Cuando era muy chico, menos de seis, un día, jugando en el corral de las ovejas, cerca del carneadero, noté que desde un hueco en la base de la anacahuita, me miraban en silencio un par de ojitos brillantes como chispas.
Me arrimé sin miedo, lo suficiente para descubrir que era un duendecito de no más de dos cuartas de alto.
Me senté cerca, conversamos, él estaba feliz con mi compañía y al cabo de un rato ya éramos amigos. Me dijo que su nombre era Juan Tomás. A partir de ese día, y por bastante tiempo, casi todas las tardes hablábamos y reíamos.
Luego vino el tiempo en que tuve que ir a la ciudad a hacer la escuela y con eso empezar a crecer, y todos sabemos que cuando crecemos los duendes se empiezan a ir.
Cada vez lo veía menos, a veces yo no iba, a veces iba y el no aparecía. Otras, iba y aparecía y estábamos un buen rato hablando y riendo nuevamente.
Luego crecí más, mucho más y me enamoré y me fui a una ciudad más grande, me casé, tuve hijos y por mucho tiempo no vi más a mi amigo, casi lo olvidé.
En algún momento, por un tiempo, iba un par de veces a la semana a mi casa de la niñez, siendo adulto, a cultivar una huerta que me mantenía conectado con la tierra y mis orígenes.

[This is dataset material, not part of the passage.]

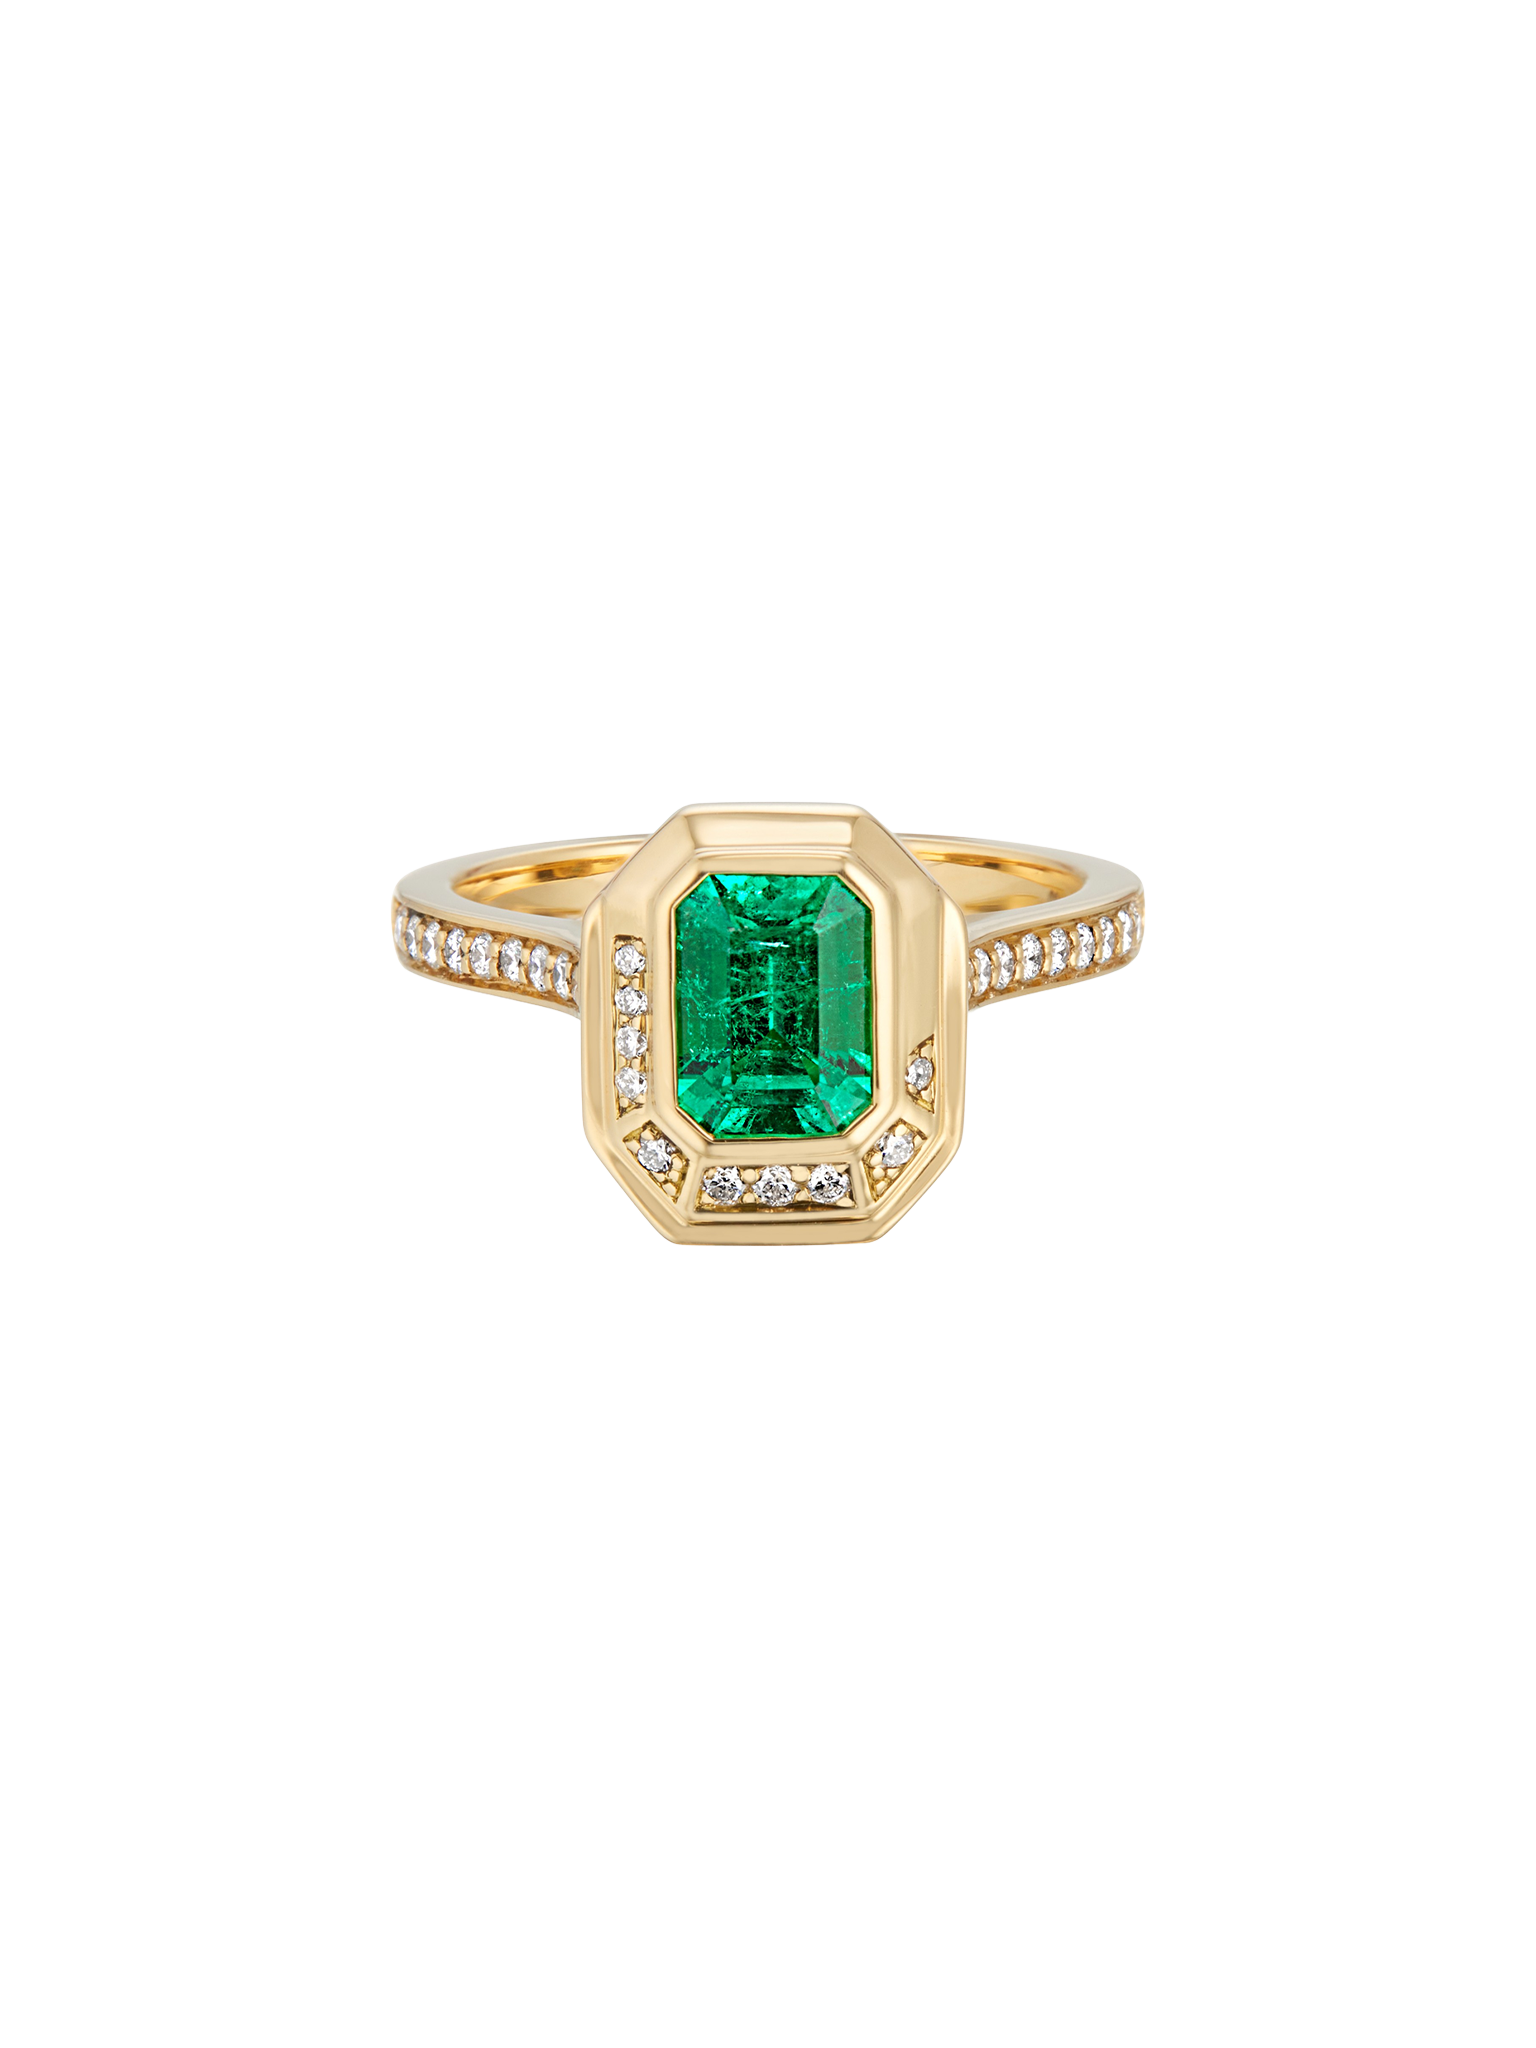 18ct yellow gold emerald cut muzo emerald & diamond engagement ring by ...

Uno de esos días, voy hacia atrás del galpón a vigilar una cerda que estaba pariendo en los corrales, cuando de golpe me lo encuentro, sentado en el muro de los bretes, mirando con tristeza hacia el monte. Dudé de mi ojos de adulto por un segundo y por suerte el volteó a mirarme y sonrió triste.
Me contó que estaba muy enfermo y que no se recuperaba, que había sido feliz, pero era momento de que marchara, me pidió un último abrazo. Y se desvaneció en mi pecho.
Desperté sentado contra la pared del galpón, con mis brazos envolviendo mi propio cuerpo. Una lágrima empezaba a enfriarse en mi mejilla.
Nunca más vi un duende desde ese día.